A tool for creating a Bagit zip file.
- To preview a list of available Makefile commands:
make help
- To install with dev dependencies:
make install
- To update dependencies:
make update
- To run unit tests:
make test
- To lint the repo:
make lint
Ensure that AWS SAM CLI is installed: https://docs.aws.amazon.com/serverless-application-model/latest/developerguide/install-sam-cli.html.
All following actions and commands should be performed from the root of the project (i.e. same directory as the Dockerfile
).
1- Create a JSON file for SAM that has environment variables for the container
- copy
tests/sam/env.json.template
totests/sam/env.json
(which is git ignored) - fill in missing sensitive env vars
NOTE: AWS credentials are automatically passed from the terminal context that runs make sam-run
; they do not need to be explicitly set as env vars.
2- Build Docker image:
make sam-build
The following outlines how to run the Lambda SAM docker image as an HTTP endpoint, accepting requests and returning respnoses similar to a lambda behind an ALB, Function URL, or API Gateway.

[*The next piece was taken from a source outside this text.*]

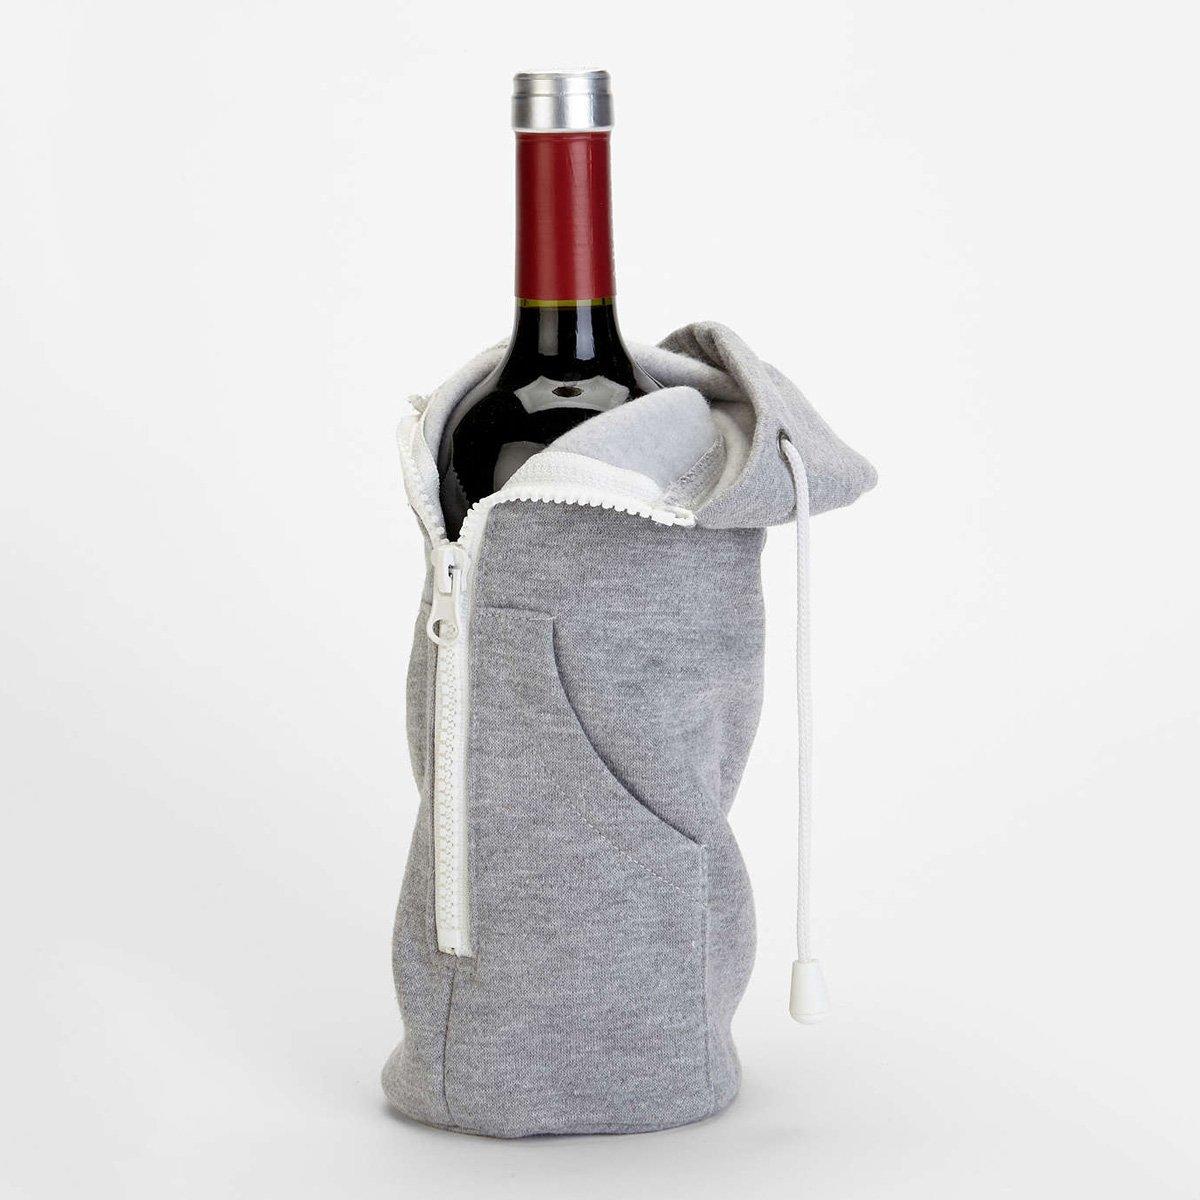 Wine Bottle Hoodie Sweatshirt - The Green Head

1- Ensure AWS Dev AWSAdministratorAccess
(TODO: update once an AWS SSO role is created for this project) credentials set in terminal and any other env vars in tests/sam/env.json
up-to-date.
2- Run HTTP server:
make sam-http-run
This starts a server at http://localhost:3000
. Requests must include a path, e.g. /apt
, but are arbitrary insofar as the lambda does not utilize them in the request payload.

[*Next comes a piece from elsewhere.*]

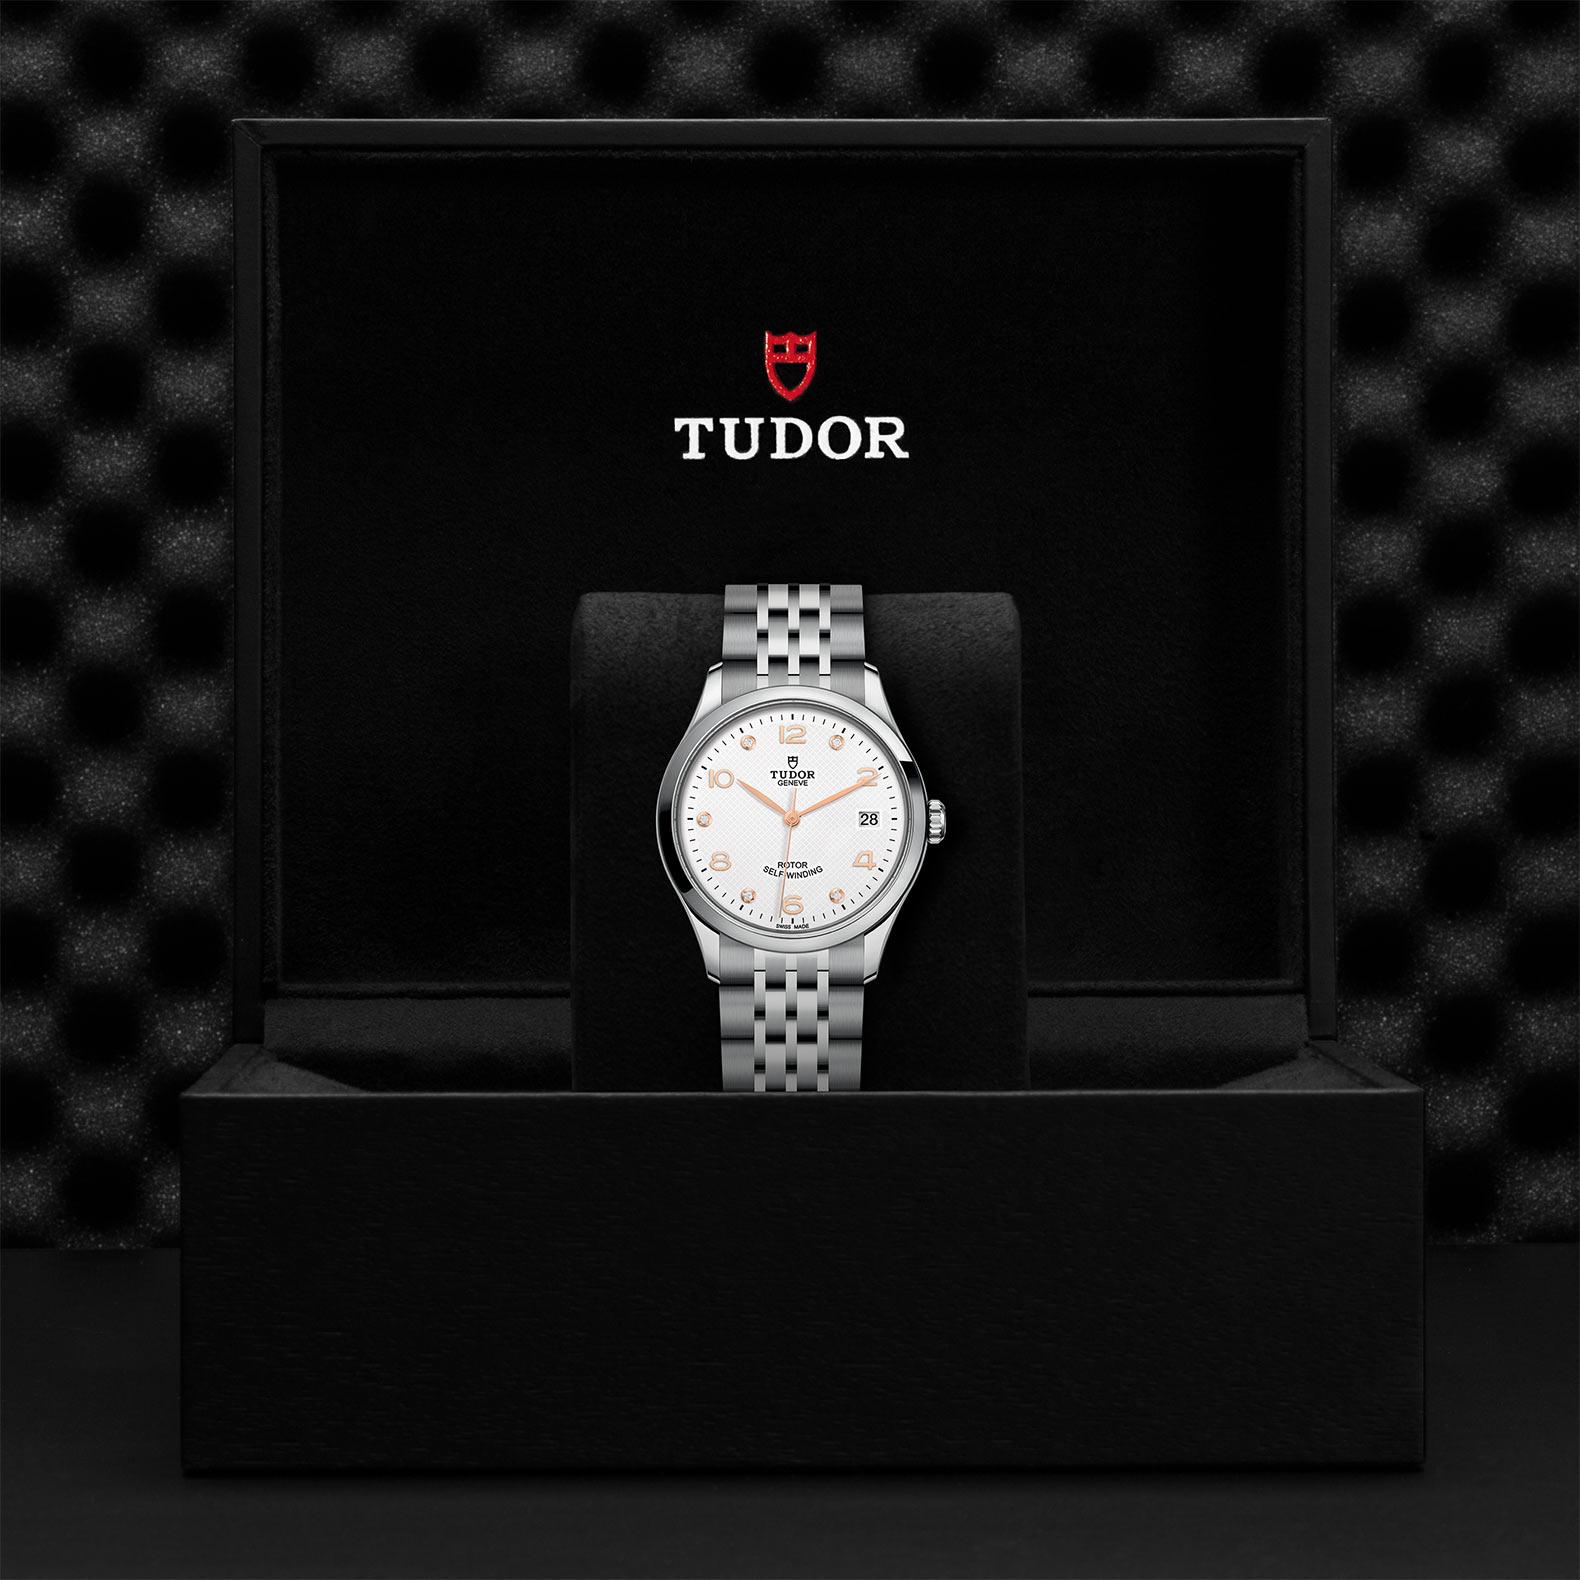 TUDOR 1926 - M91450-0013

3- In another terminal, perform an HTTP request via another Makefile
command:
make sam-http-ping
Response should have an HTTP status of 200
and respond with:
{
"response": "pong"
}
While Lambdas can be invoked via HTTP methods (ALB, Function URL, etc.), they are also often invoked directly with an event
payload. To do so with SAM, you do not need to first start an HTTP server with make sam-run
, you can invoke the function image directly:
echo '{"action": "ping","challenge_secret":"totally-local-archival-packaging"}' | sam local invoke -e -
Response:
{"statusCode": 200, "statusDescription": "200 OK", "headers": {"Content-Type": "application/json"}, "isBase64Encoded": false, "body": "{\"response\": \"pong\"}"}
As you can see from this response, the lambda is still returning a dictionary that would work for an HTTP response, but is actually just a dictionary with the required information.
It's unknown at this time if APT will get invoked via non-HTTP methods, but SAM will be helpful for testing and development if so.
SENTRY_DSN=### If set to a valid Sentry DSN, enables Sentry exception monitoring. This is not needed for local development.
WORKSPACE=### Set to `dev` for local development, this will be set to `stage` and `prod` in those environments by Terraform.
CHALLENGE_SECRET=### Secret string that is passed as part of lambda invocation payload and checked before running
WARNING_ONLY_LOGGERS=### comma separated list of libraries to limit to WARNING logging level
BAGIT_WORKING_DIR=### Root directory where Bagit zip files will be temporarily created, then cleaned up; for deployed Lambda this will be the EFS mount. Defaults to /tmp.